EXERCISE BRIEF
All that should come back is the lines of the data below from the one containing "国産ヒノキ使用☆よもぎ蒸し用 椅子のみ - メルカリ" to the one containing "Template Poster Wakaf", inclusive, exactly as they stand.

EXTRACTED ENTRIES
⁂

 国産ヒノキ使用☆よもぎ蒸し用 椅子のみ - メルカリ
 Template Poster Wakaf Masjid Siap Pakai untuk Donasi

⁂

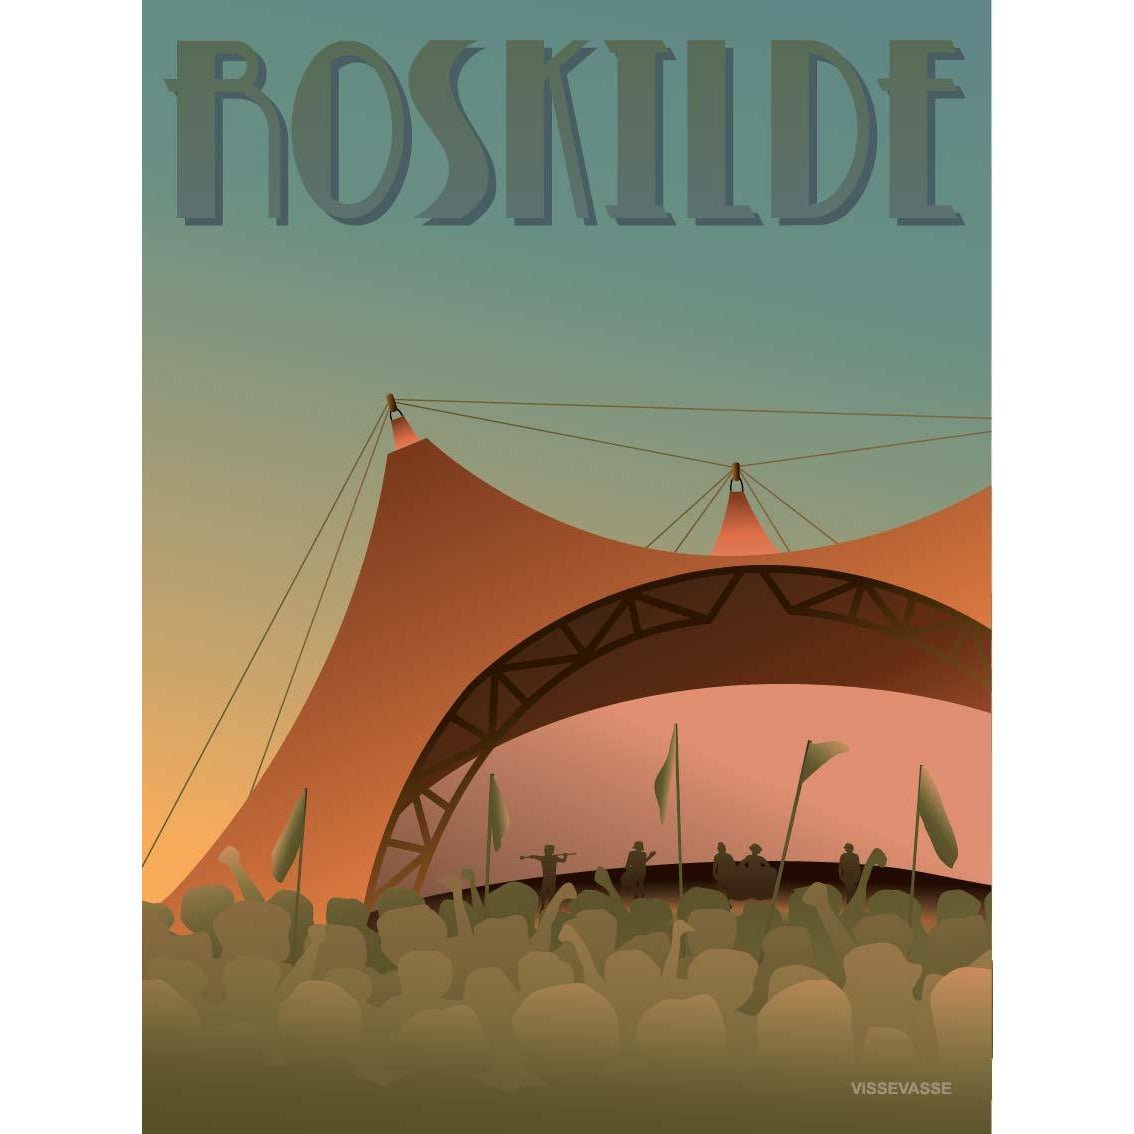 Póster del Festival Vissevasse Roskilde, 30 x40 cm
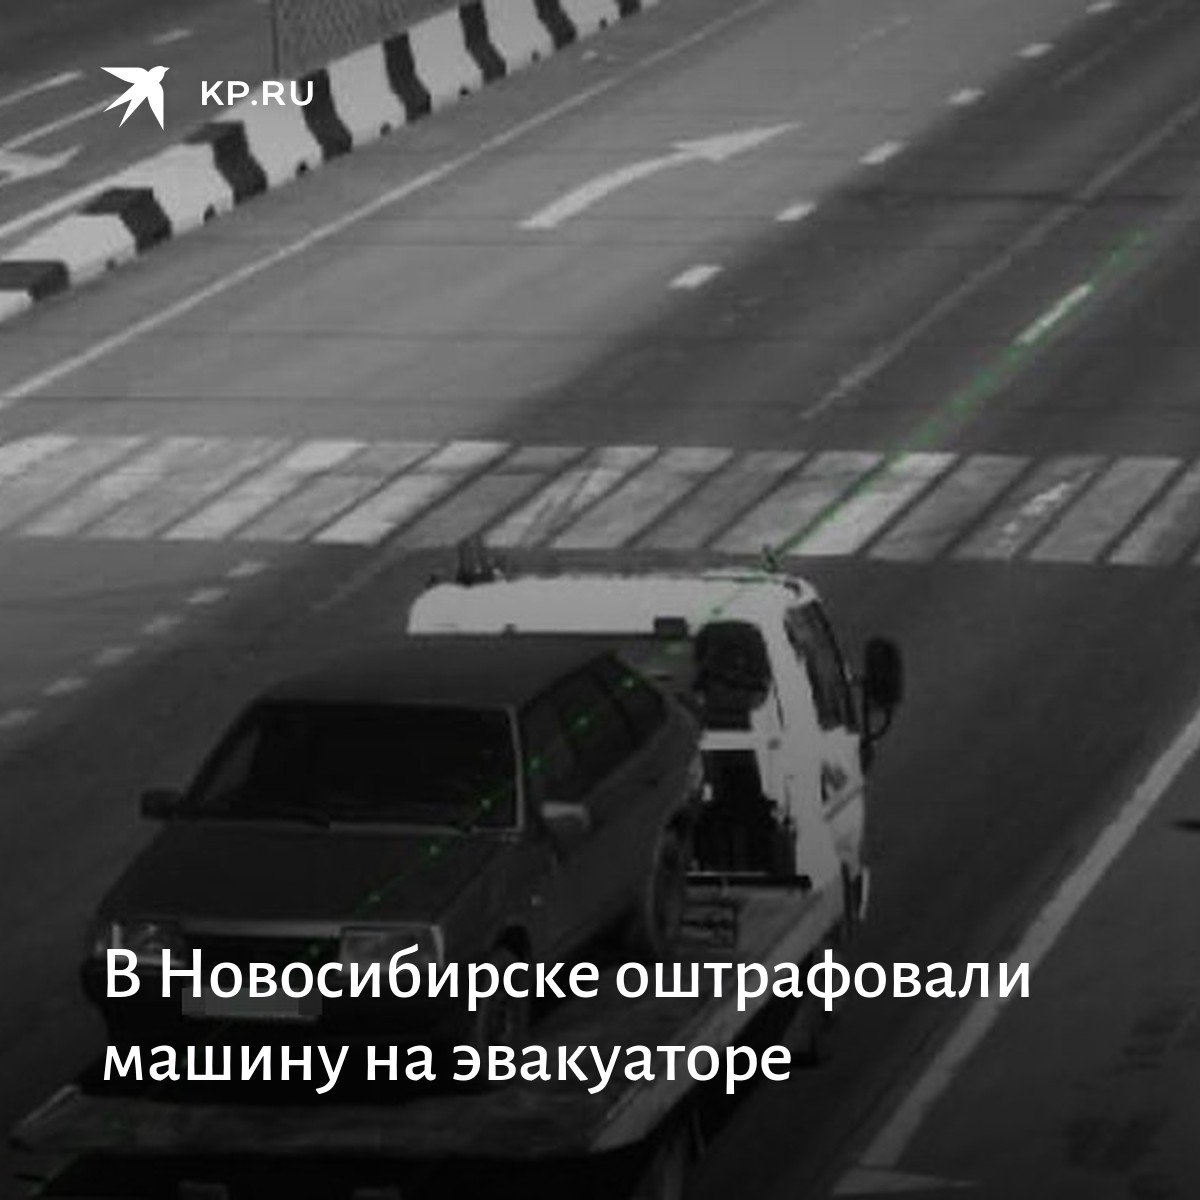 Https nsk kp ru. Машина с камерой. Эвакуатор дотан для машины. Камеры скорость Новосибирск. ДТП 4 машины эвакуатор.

⁂

EXERCISE SOLUTION
 国産ヒノキ使用☆よもぎ蒸し用 椅子のみ - メルカリ
 Template Poster Wakaf Masjid Siap Pakai untuk Donasi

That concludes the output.